Agent Communication

Biologically, communication is closely related to and probably originated from cooperation. For example, vervet monkeys can make different vocalizations to warn other members of the group about different predators. Similarly, communication can be crucially important in MARL for cooperation, especially for the scenarios where a large number of agents work in a collaborative way, such as autonomous vehicles planning, smart grid control, and multi-robot control. Communication enables agents to behave collaboratively.

ATOC

There are several approaches for learning communication in MARL. However, information sharing among all agents or in predefined communication architectures that existing methods adopt can be problematic. When there is a large number of agents, agents hardly differentiate valuable information that helps cooperative decision making from globally shared information, and hence communication barely helps and could even jeopardize the learning of cooperation. Moreover, in real-world applications, it is costly that all agents communicate with each other, since receiving a large amount of information requires high bandwidth and incurs long delay and high computational complexity. Predefined communication architectures might help, however they restrict communication among specific agents and thus restrain potential cooperation. To tackle these difficulties, we propose an attentional communication model, ATOC, to enable agents to learn effective and efficient communication under partially observable distributed environment for large-scale MARL. Inspired by recurrent models of visual attention, we design an attention unit that receives encoded local observation and action intention of an agent and determines whether the agent should communicate with other agents to cooperate in its observable field. If so, the agent, called initiator, selects collaborators to form a communication group for coordinated strategies. The communication group dynamically changes and retains only when necessary. We exploit a bi-directional LSTM unit as the communication channel to connect each agent within a communication group.
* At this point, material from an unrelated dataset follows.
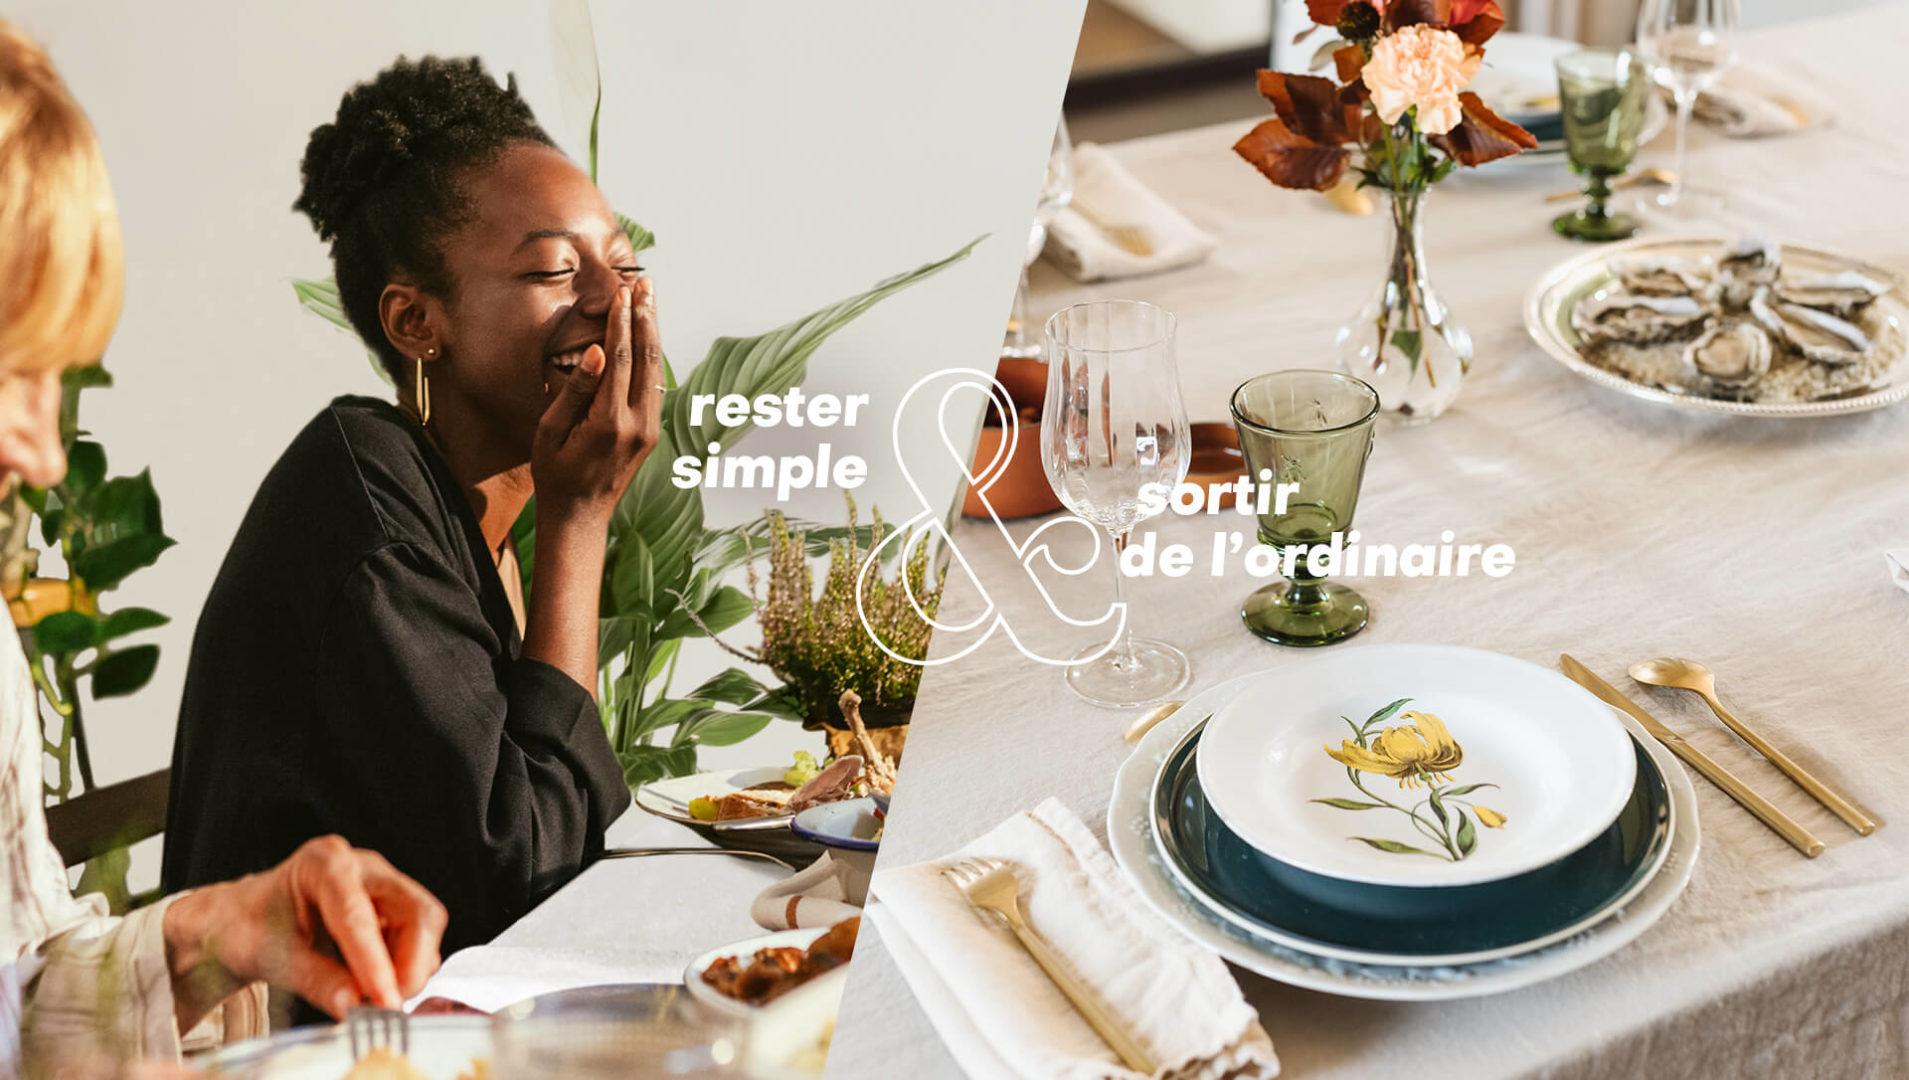 Rester simple & Sortir de l'ordinaire - automne - Les arts de la table

The LSTM unit takes as input internal states and returns thoughts that guide agents for coordinated strategies. The LSTM unit selectively outputs important information for cooperative decision making, which makes it possible for agents to learn coordinated strategies in dynamic communication environments. ATOC agents are able to develop coordinated and sophisticated strategies in various cooperation scenarios.

I2C

Most existing work of multi-agent communication focuses on broadcast communication, which is not only impractical but also leads to information redundancy that could even impair the learning process. To tackle these difficulties, we propose Individually Inferred Communication (I2C), a simple yet effective model to enable agents to learn a prior for agent-agent communication. The prior knowledge is learned via causal inference and realized by a feed-forward neural network that maps the agent’s local observation to a belief about who to communicate with. The influence of one agent on another is inferred via the joint action-value function in multi-agent reinforcement learning and quantified to label the necessity of agent-agent communication. Furthermore, the agent policy is regularized to better exploit communicated messages. Empirically, we show that I2C can not only reduce communication overhead but also improve the performance in a variety of multi-agent cooperative scenarios, comparing to existing methods.